§ **What is needed**
Apart from the pictures, everything in the lines below must be printed exactly.

§ **Data extract**
Segment Open

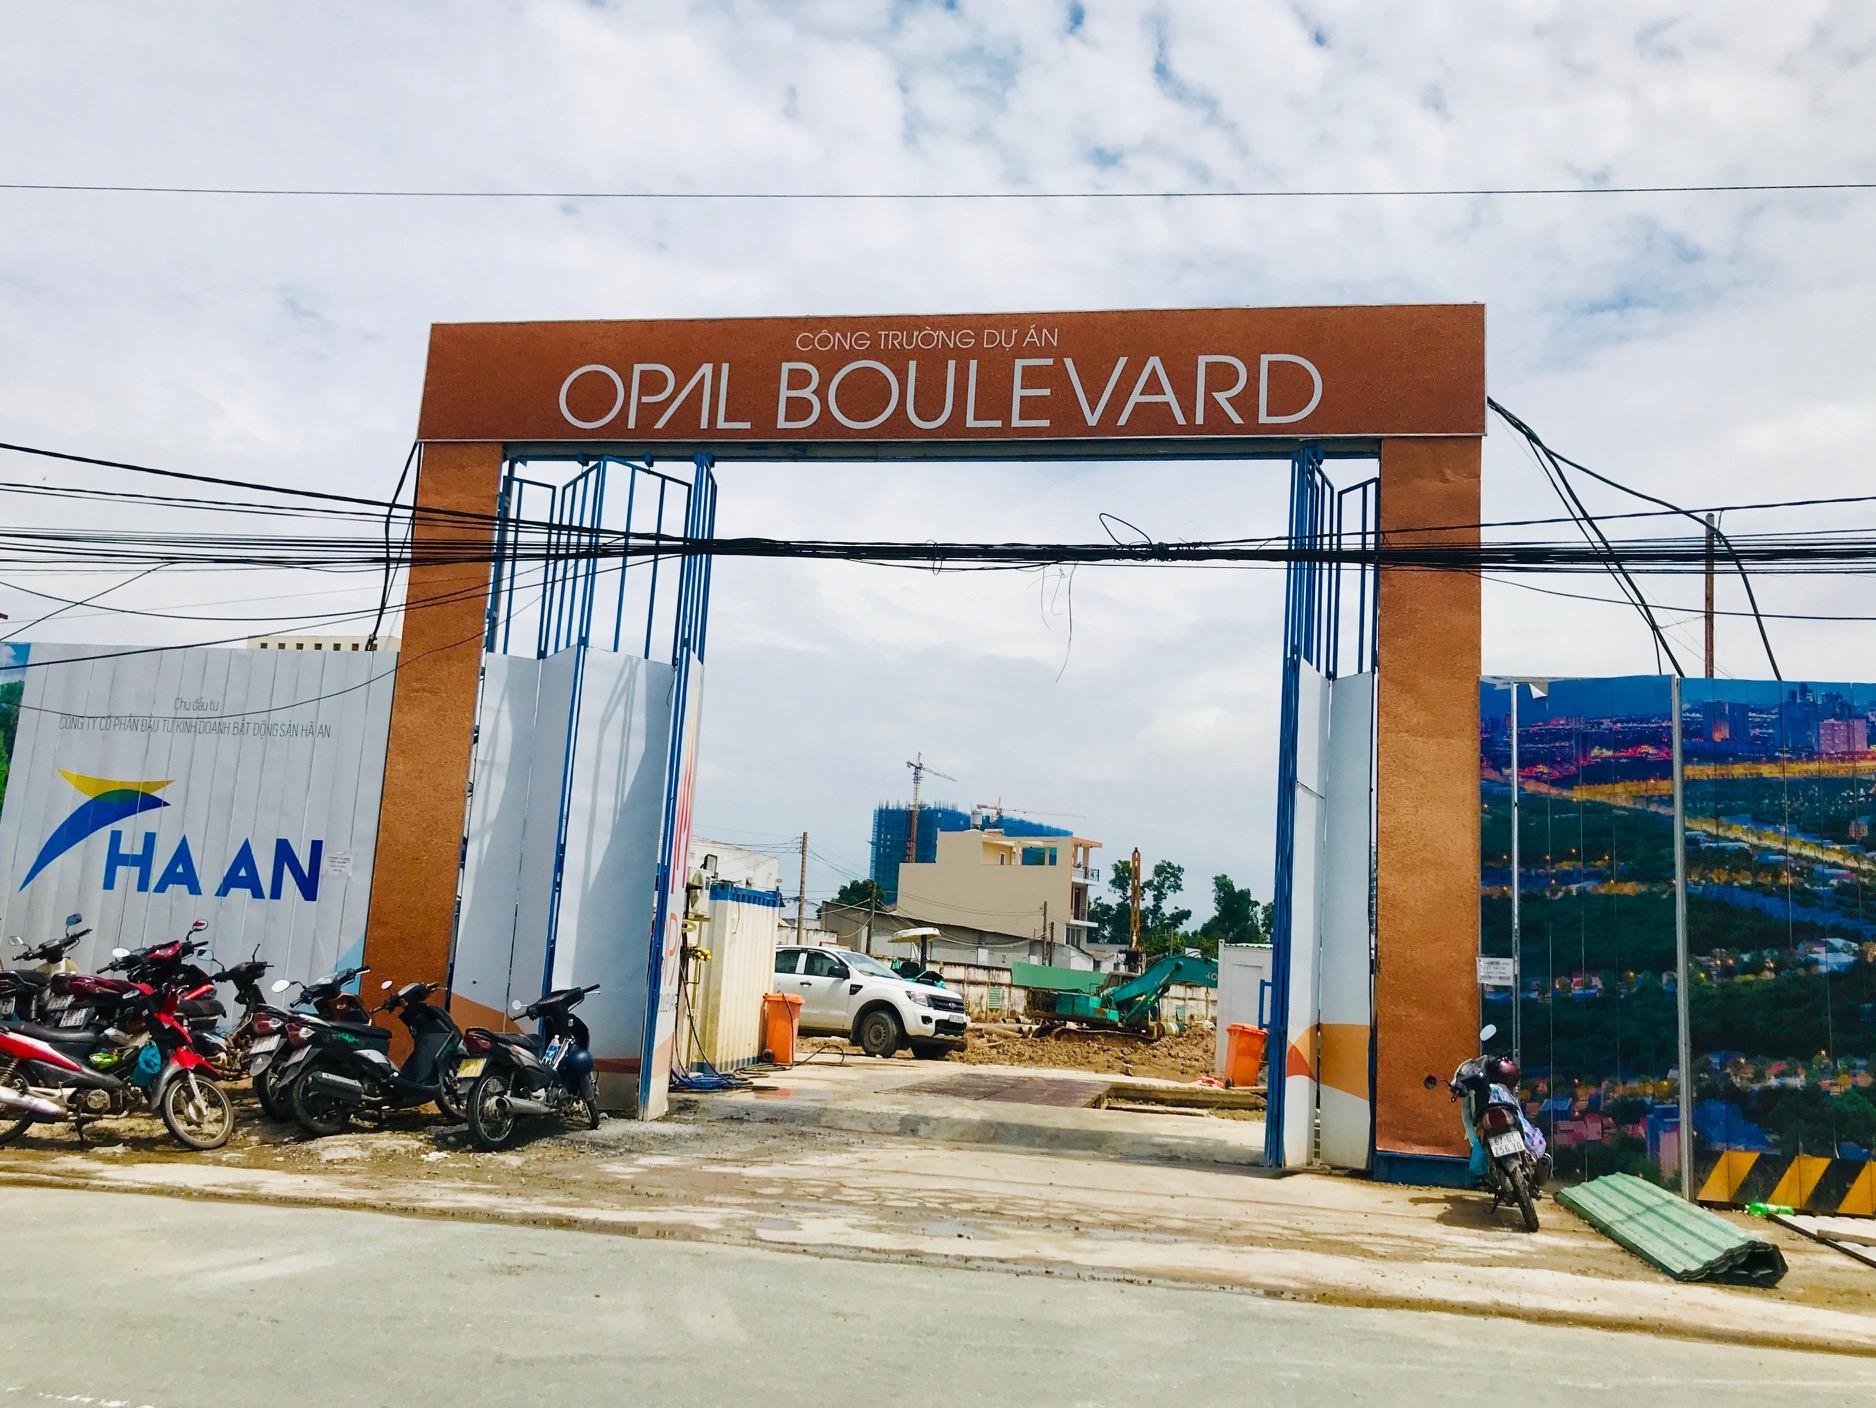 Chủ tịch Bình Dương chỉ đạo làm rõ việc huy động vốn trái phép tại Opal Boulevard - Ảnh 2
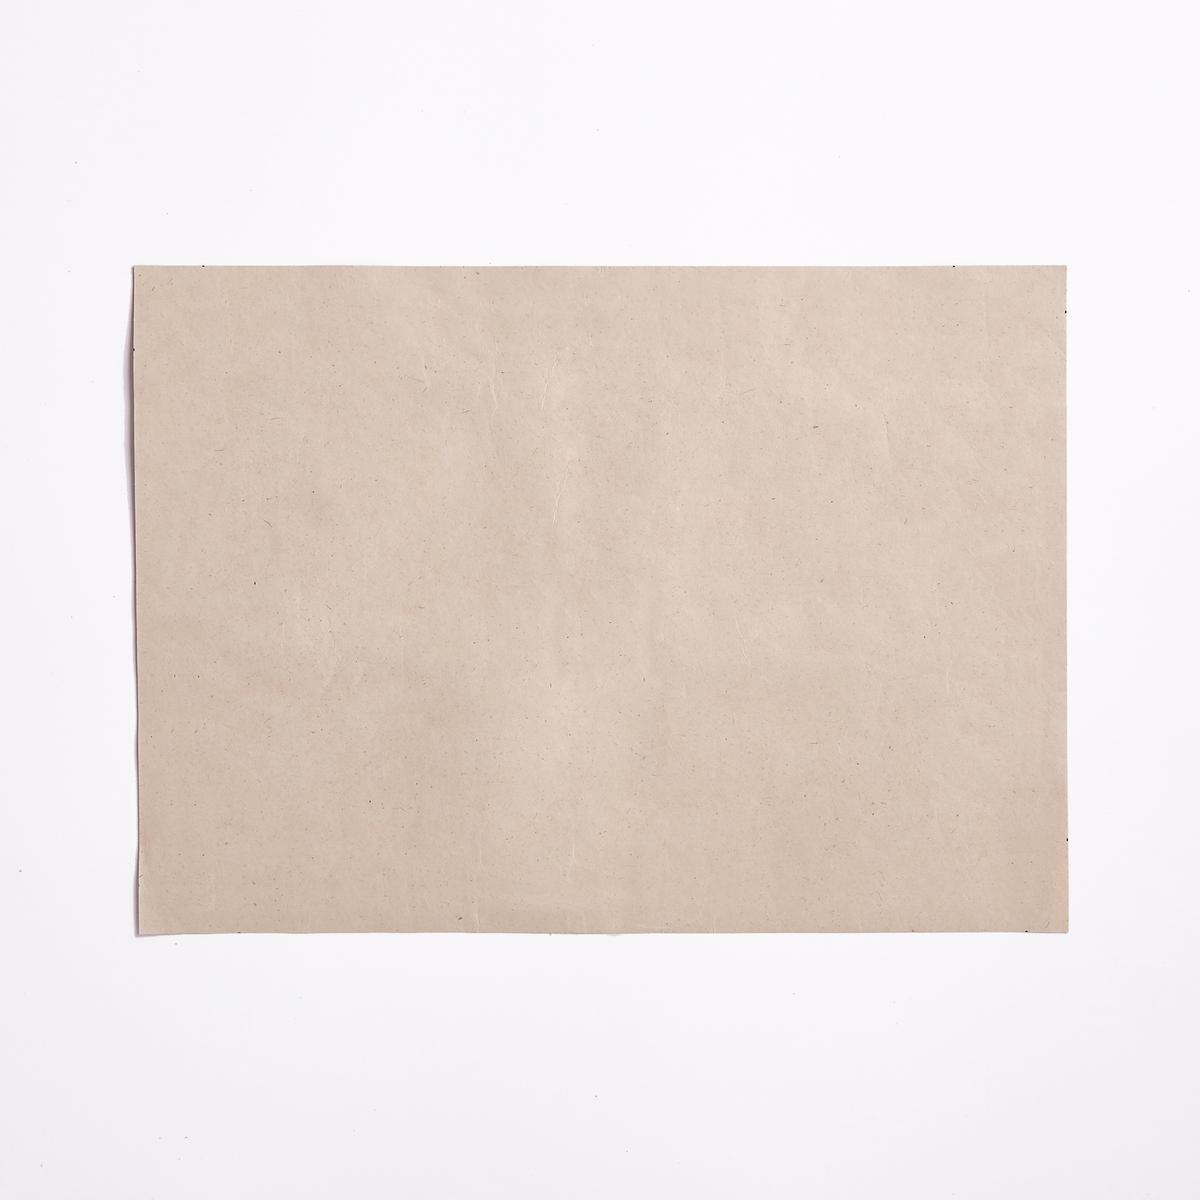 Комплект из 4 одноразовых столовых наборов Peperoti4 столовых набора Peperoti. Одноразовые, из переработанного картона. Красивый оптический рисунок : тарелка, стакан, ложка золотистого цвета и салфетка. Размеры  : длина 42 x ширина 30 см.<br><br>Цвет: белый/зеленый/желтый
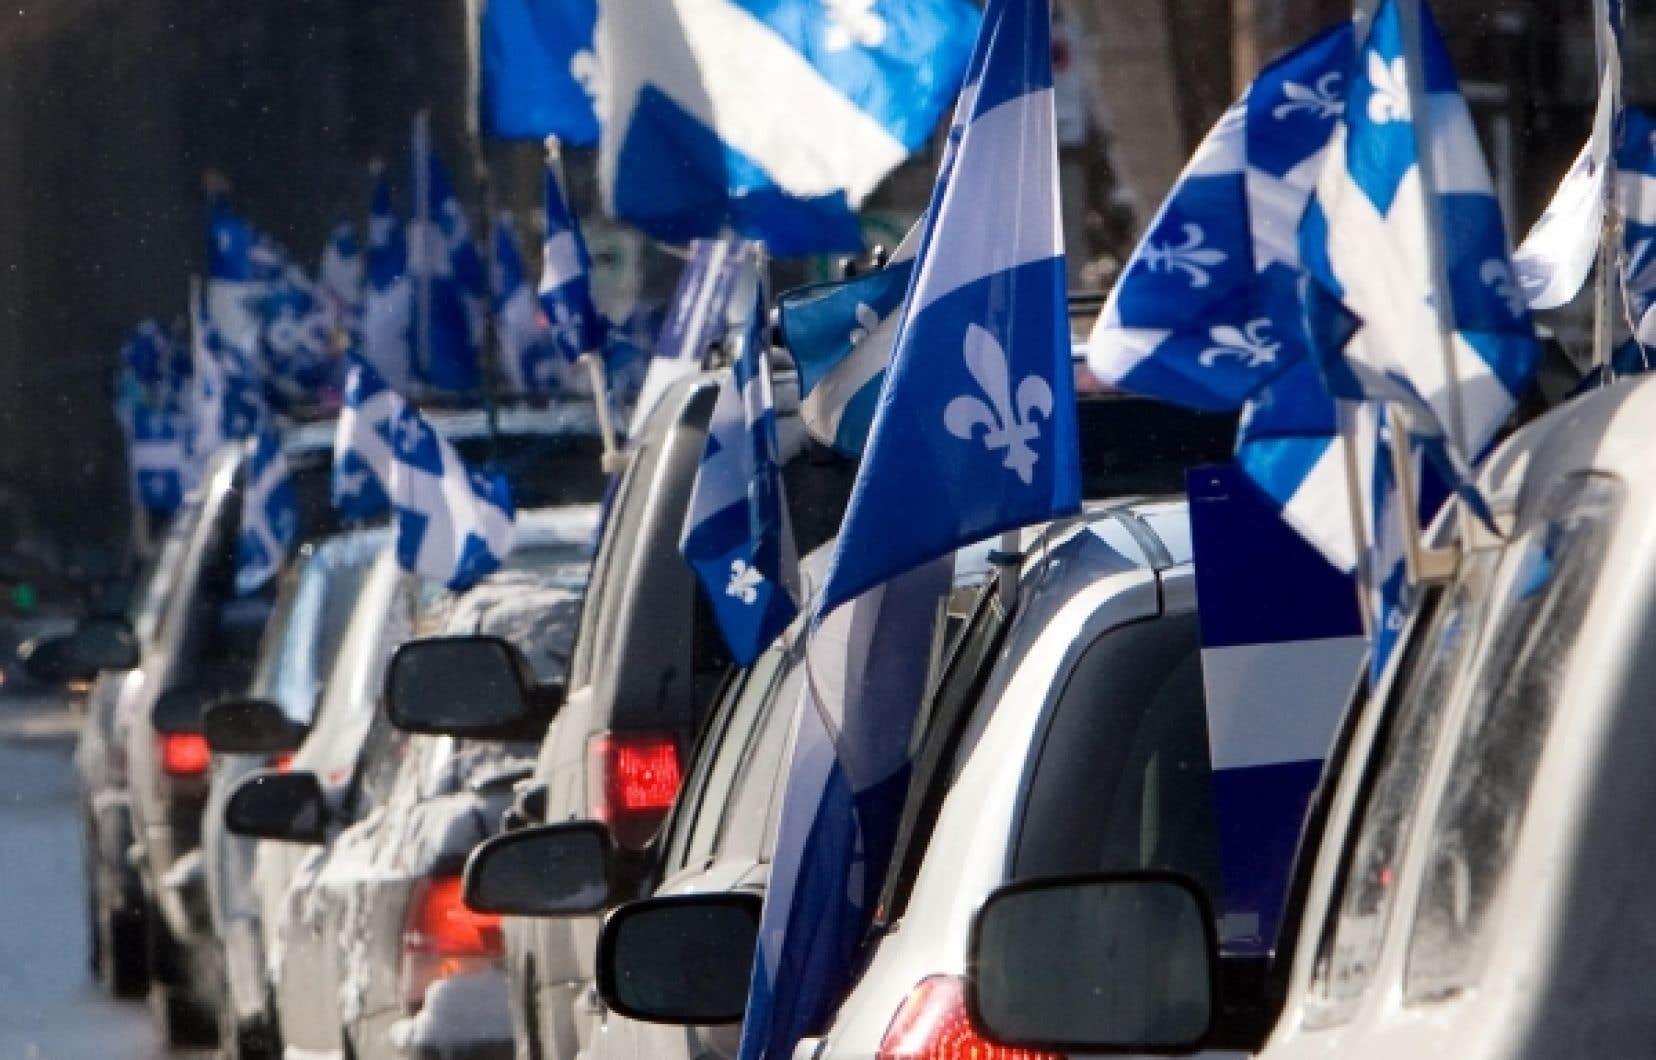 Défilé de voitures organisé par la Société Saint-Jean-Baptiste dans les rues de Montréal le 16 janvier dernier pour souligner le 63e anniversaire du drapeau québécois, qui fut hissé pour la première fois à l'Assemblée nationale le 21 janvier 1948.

Segment Closed

§ **Exercise answer**
 Chủ tịch Bình Dương chỉ đạo làm rõ việc huy động vốn trái phép tại Opal Boulevard - Ảnh 2
 Комплект из 4 одноразовых столовых наборов Peperoti4 столовых набора Peperoti. Одноразовые, из переработанного картона. Красивый оптический рисунок : тарелка, стакан, ложка золотистого цвета и салфетка. Размеры  : длина 42 x ширина 30 см.<br><br>Цвет: белый/зеленый/желтый
 Défilé de voitures organisé par la Société Saint-Jean-Baptiste dans les rues de Montréal le 16 janvier dernier pour souligner le 63e anniversaire du drapeau québécois, qui fut hissé pour la première fois à l'Assemblée nationale le 21 janvier 1948.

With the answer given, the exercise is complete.